Lowry promises to take care of the Claret Jug until 2021

Bernie McGuire

Shane Lowry with the Claret Jug at his homecoming event in Clara in Offaly. (Photo By Seb Daly/Sportsfile via Getty Images)

Open Championship winning hero Shane Lowry’s fears have been realised with confirmation that his defence of the 149th Open Championship at Royal St. George’s will now not take place until 2021.

This is following news on Monday that the R&A, as organisers of golf’s oldest Major, have decided to cancel the hosting in July of this year’s tournament.

Lowry and his young family have been residing in Florida since the cancellation of last month’s Players Championship and the news was not unexpected.


The R&A had afforded Lowry the courtesy of advising of its intentions as the Irishman, with the famed Claret Jug sitting beside him, released a tweet just minutes after the cancellation announcement expressing his disappointment.

“Like everyone else, I am very sad and disappointed that the R&A have had to cancel this year’s Open Championship,” said Lowry.

“At the end of the day, people’s health and safety come way before any golf tournament, and I am sure the R&A have thought long and hard about this and made their decision based everybody’s health and safety.

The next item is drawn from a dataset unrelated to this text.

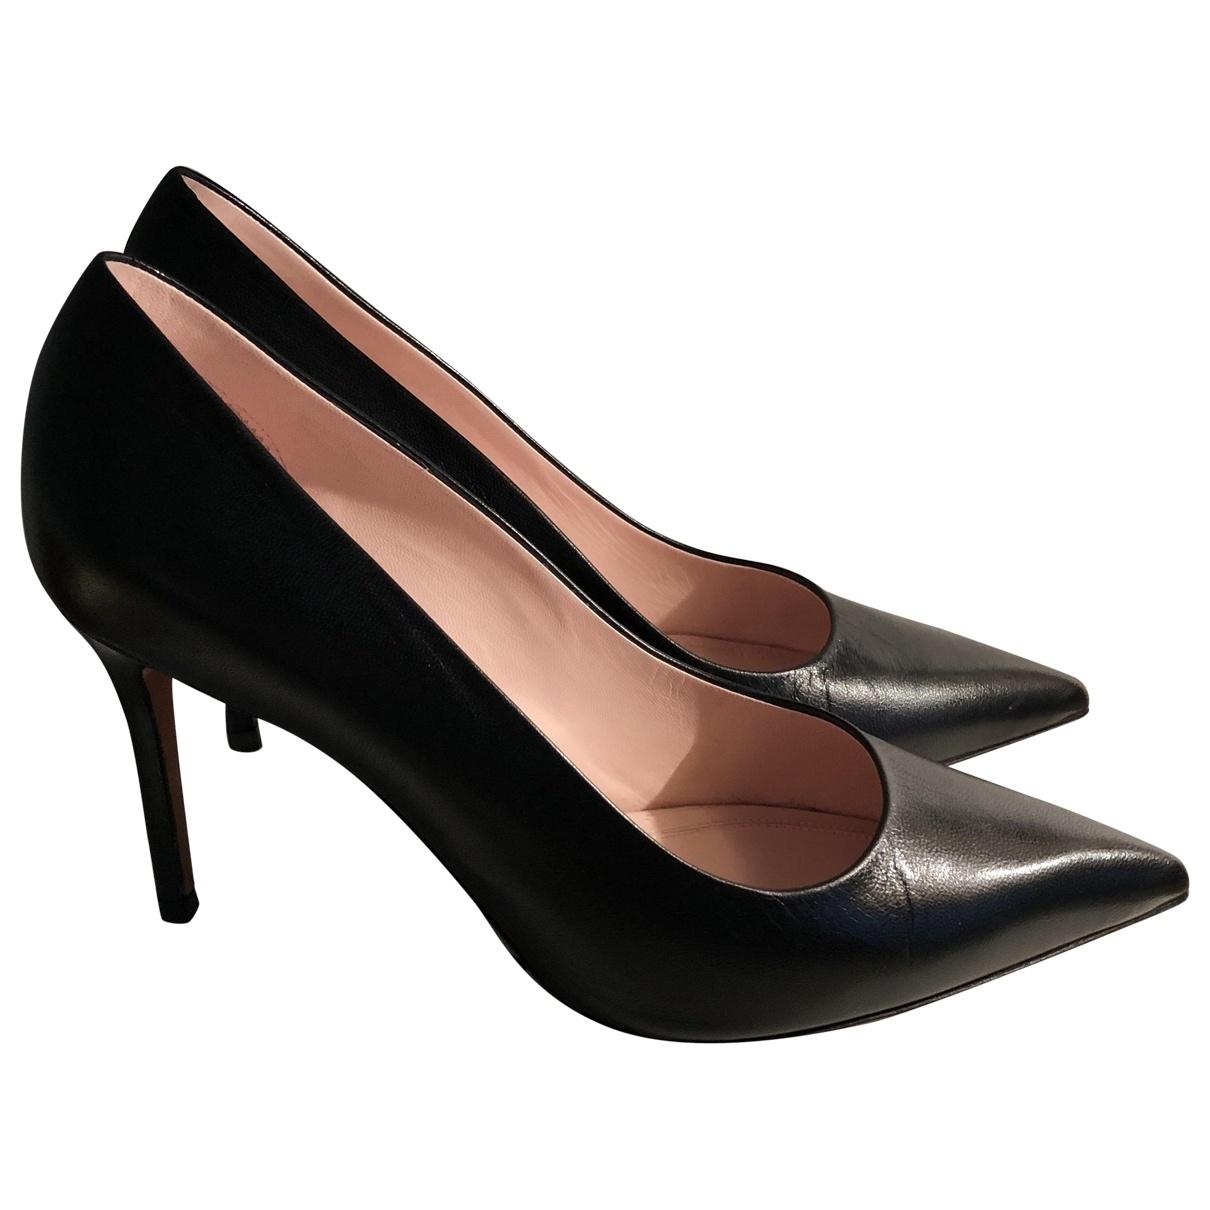 Celine \N Black Leather Heels for Women 36.5 EU

“You can trust me when I say the Claret Jug is going to be in safe hands for another year and I look forward to seeing you all at Royal St. George’s in 2021.”

Lowry had been asked at the Players Championship at such a likelihood of a cancellation of his Open Championship defence and he smiled in saying:

“I guess, if they do call off The Open I will get to be Open Champion for two years and I will have to go celebrating again.”.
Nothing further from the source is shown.